# Dielectric permittivity and Kronecker symbol

I tried to express the dielectric permittivity tensor $$\varepsilon_{ij}$$ as: $$\begin{equation} \varepsilon_{ij} = \varepsilon_{r} \varepsilon_{0} = \left(\chi_{ij} +1\right) \varepsilon_{0}\text{,} \end{equation}$$ where $$\varepsilon_{0}$$ is the electrical permittivity of free space, $$\varepsilon_{r}$$ is the relative permittivity or dielectric constant of a material and $$\chi_{ij}$$ is the dielectric susceptibility tensor.

However, I was told a Kronecker symbol was missing. If I understand properly, it is because the central part of the equation ($$\varepsilon_{r} \varepsilon_{0}$$) must be a tensor to match the left and right hand sides. Would it be correct to write the equation as: $$\begin{equation} \varepsilon_{ij} = \varepsilon_{r} \varepsilon_{0}\delta_{ij} = \left(\chi_{ij} +1\right) \varepsilon_{0} \end{equation}$$ or do I misunderstand something?

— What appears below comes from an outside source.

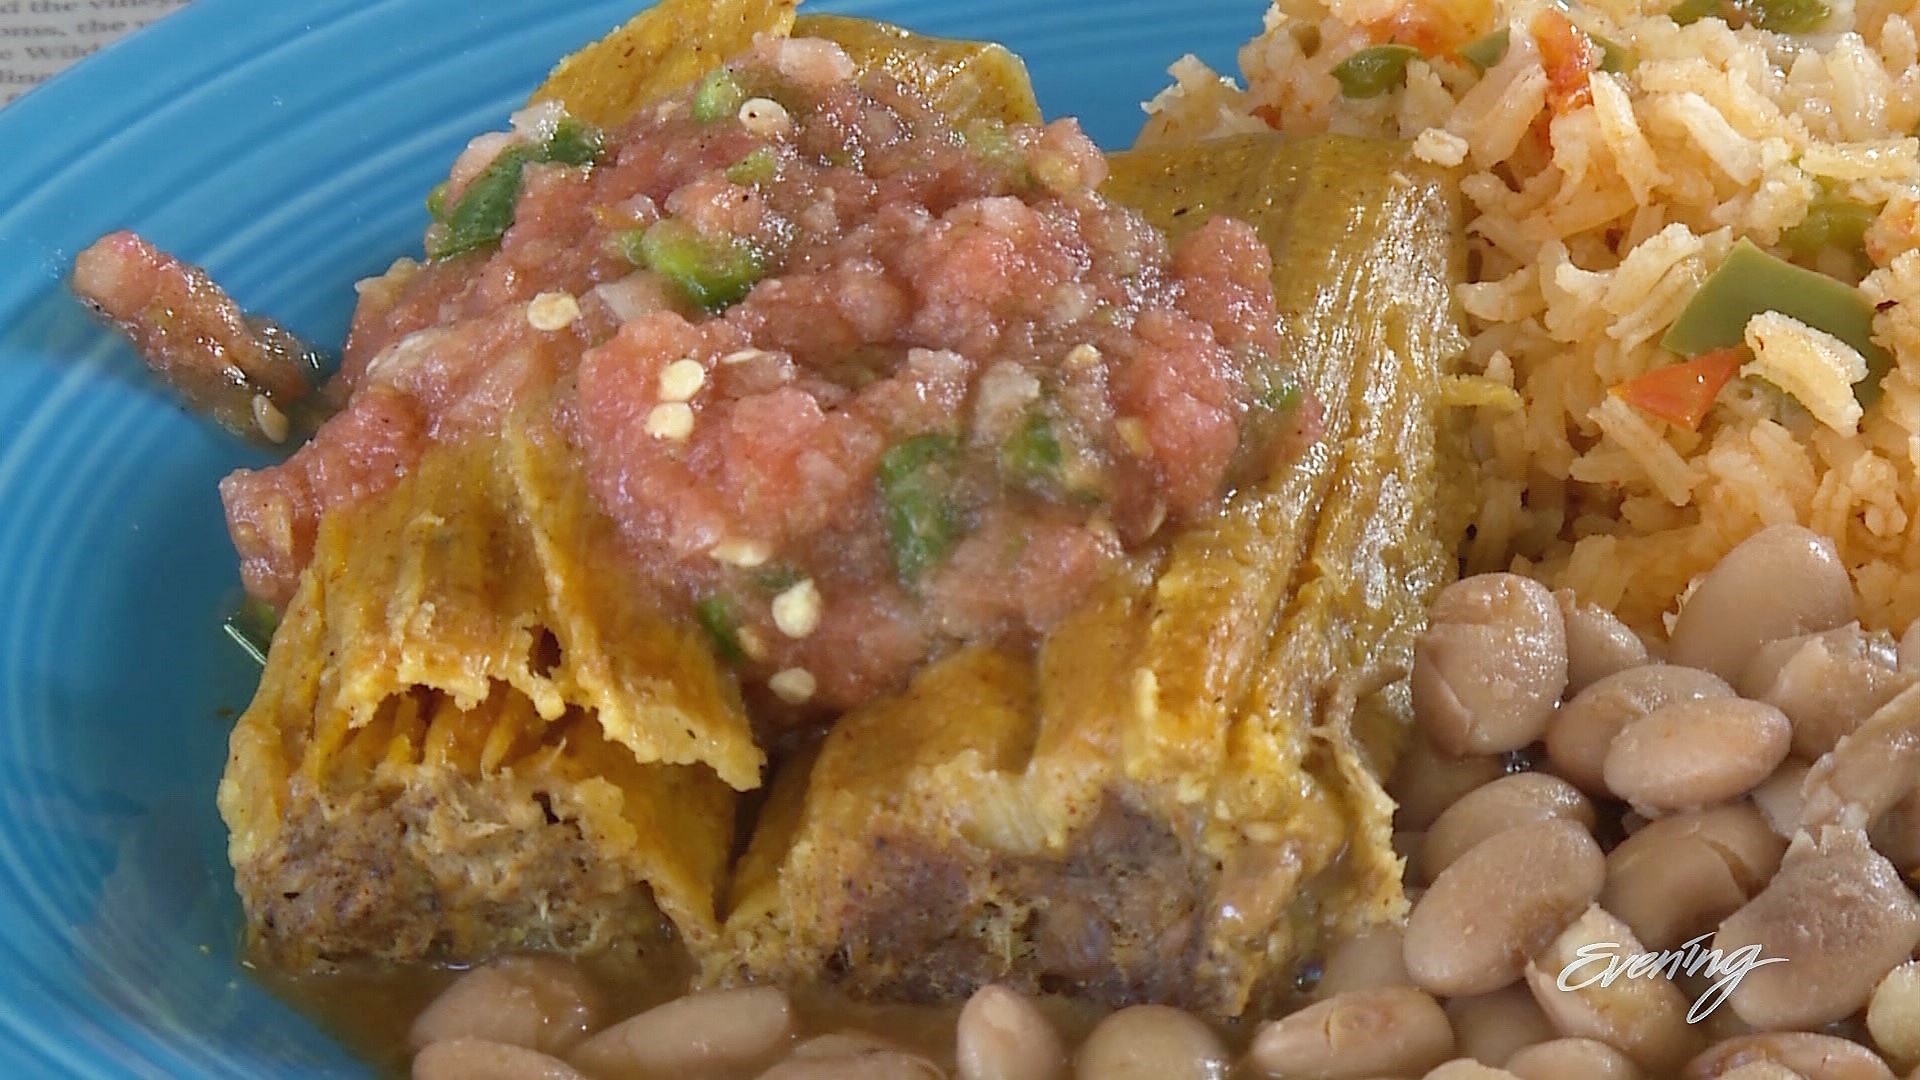 Owner-chef Felipe Hernandez makes the Northwest's best tamales and embodies the American dream.

Your equation, $$\varepsilon_{ij} \stackrel{?}{=} \varepsilon_{r} \varepsilon_{0}\delta_{ij} \stackrel{?}{=} \left(\chi_{ij} +1\right) \varepsilon_{0},$$ is incorrect.
To see why, consider the case where the material is not present, and you're just using your (now over-complicated) theory to describe a vacuum. In this case, your equation says that $$\varepsilon_{ij} = \varepsilon_0$$, and it says that this is true for every combination of $$i$$ and $$j$$, which can't be right.
Instead, the correct version is $$\varepsilon_{ij} = \left(\chi_{ij} +\delta_{ij}\right) \varepsilon_{0},$$ which uses the correct lifting of the scalar operator $$1$$ to the identity matrix. If you must have a relative permittivity $$\varepsilon_r$$, then this must also be a tensor, and you can write $$\varepsilon_{ij} = \left(\chi_{ij} +\delta_{ij}\right) \varepsilon_{0} = \varepsilon_{r,ij}\varepsilon_{0}$$.